Youk’s worst BA in a month last year (excluding the 2 March games) came in September when he batted .275. He was remarkably consistent last year, but the law of averages say it’s impossible to keep this pace up. He didn’t have a cringe worthy strikeout rate last year, but it was a tad higher than league average. More complete hitters than Youk tail off over a month from time to time. Pujols hit .250 in April 2007.
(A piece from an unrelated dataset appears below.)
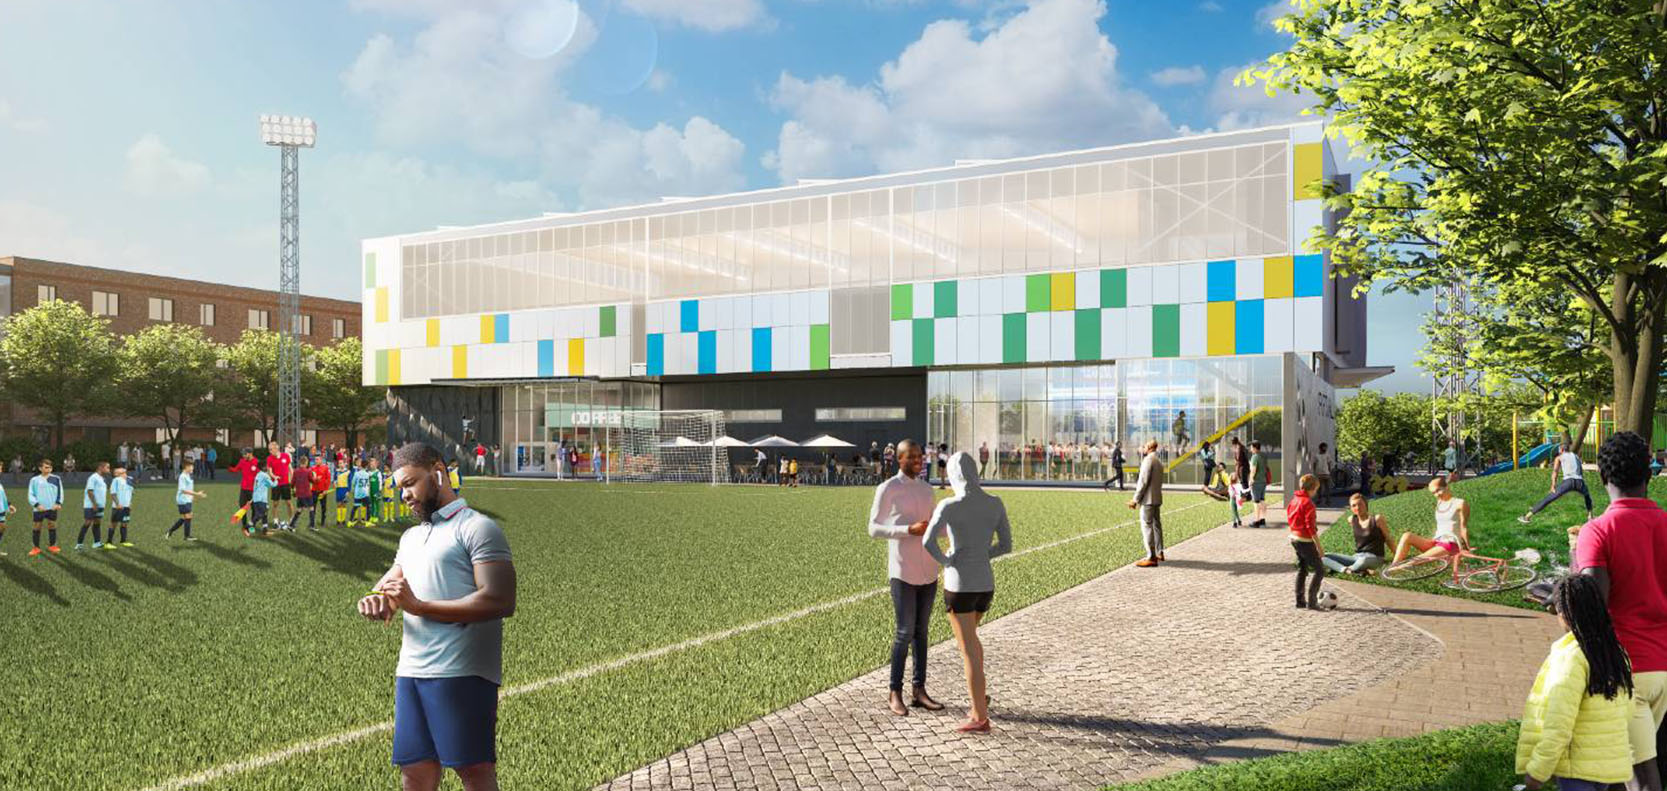 Conradie Park social housing sport fields

I always treat batting averages like gravity. What goes up, must go down. Count on Youk’s batting average going down significantly during a month this season. I’m not budging from by original .290 projection.

josh
17 years ago

I’m not sure how useful an exercise is, but if you adjust his BABIP from .455 down to his career .339, he’d be at a .320 BA. His HR/FB is almost 2x his career, and about 30% above last year, so if you take away 1 of his 5 HR and turn it into an out, he’d still be at .306.

Eric Johnson
17 years ago

Why did you only look at the first 75 at-bats for each of the 26 players? You should look at ALL of their 75 at-bat samples, since you’re trying to determine how likely it is that a .286 player tallies 30 hits in 75 at-bats period, not 30 hits in their first 75 at-bats.

Eric Johnson
17 years ago
Reply to  Brian Joura

Jeez, touchy much?

fili
17 years ago
Reply to  Brian Joura

“In an ideal world that might have been what I did. If I lived in a world with no time constraints or had software to do all the calculations for me then this piece would have been different.”
**********
Something like this.

Which would have sufficed.

Brian Noonan
17 years ago
Reply to  Brian Joura

Brian…you’re writing for a website. People will read and criticize…get used to it.
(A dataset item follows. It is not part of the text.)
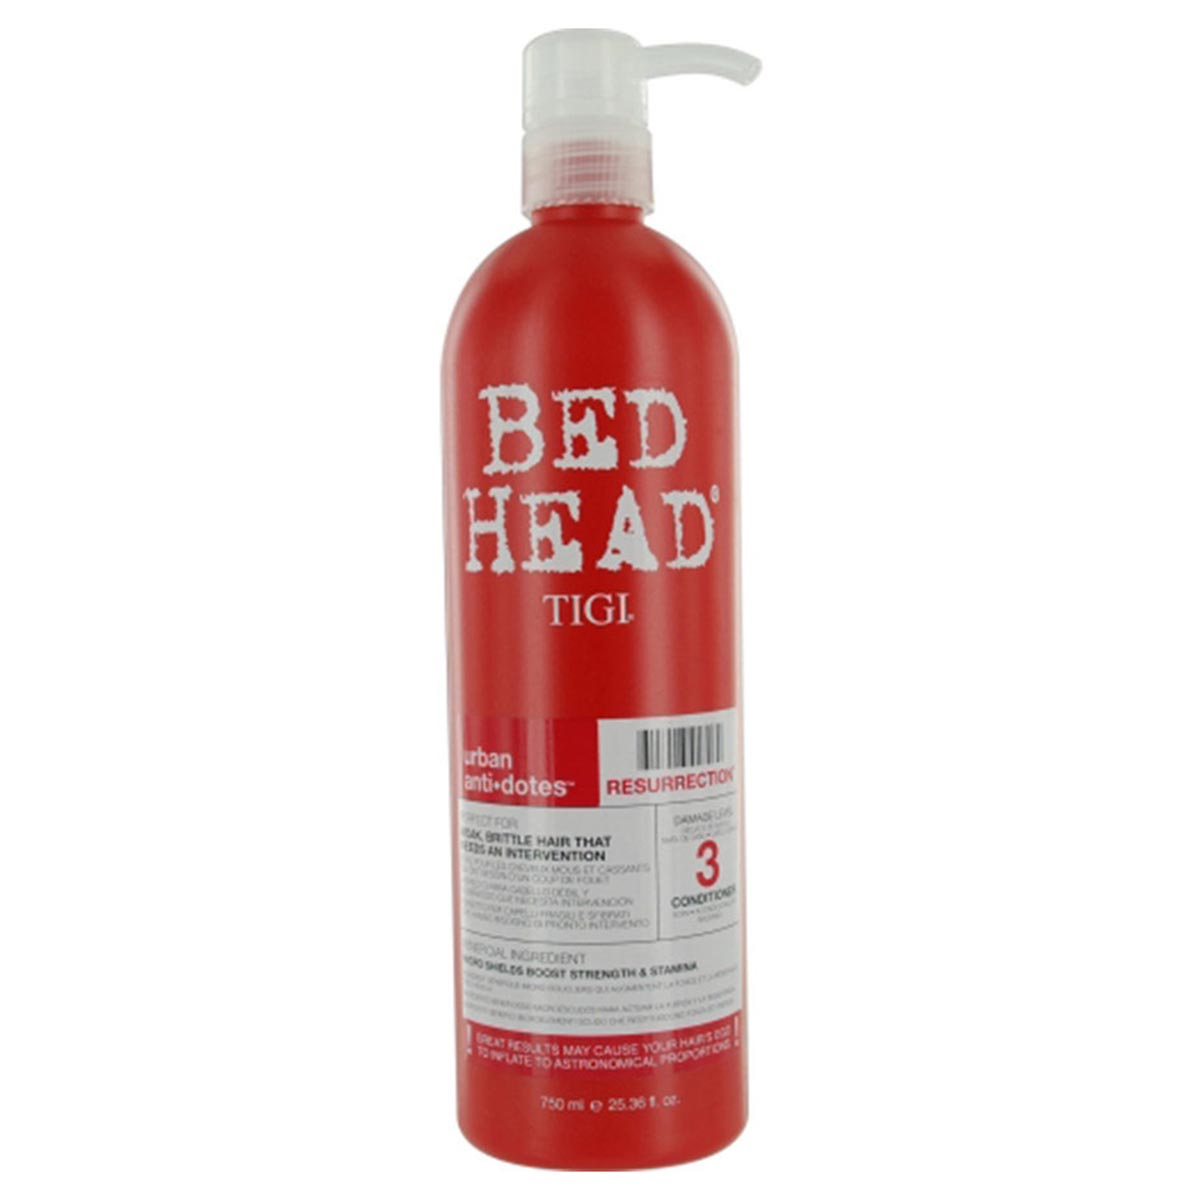 BED HEAD URBAN ANTI-DOTES RESURRECTION CONDITIONER 750ML

Just be glad they are reading!

The point Eric brings up is valid…as is your defense about time and data constraints…no need to get testy.

bradluen
17 years ago

I’m sure most of you understand this, but:

If you projected KY at say .286 before the season, then unless you think that for the rest of the year he’s going to be worse than you projected, you must now increase his projection for the entire season. You might think he’ll still hit .286 for the rest of the season, but because he’s already done better than that so far, his *whole season* projection necessarily goes up.

(Meaningless guess: he finishes at .307.)

R M
17 years ago

Assuming 550 at bats per player, you would be looking at something like 190 75 at-bat samples just for 2008. That would be interesting to do, but would be pretty time consuming. Eric has a valid point though….can a conclusion be made from that specific of a sample? 2008 could be drastically different from other years, and the other 75 at bat samples from 2008 could also tell a much different story….very interesting idea though. I’d like to see how this compares to something done including all the samples and multiple years….

R M
17 years ago

And 190 is only if you cut up a season into 75 at bat chunks….to cover all 75 at bat intervals would be some ungodly number….

Michael
17 years ago

I almost forgot that Youk has done this before. He had a .402 BA in May 2007. I had him marked down for .285 that year. I never wavered from my original number. After batting .354 the first two months, he finished with a .288 average.

Dont be suckered in by the magical .400 number. Youk will slump soon, and slump hard. Bank on it.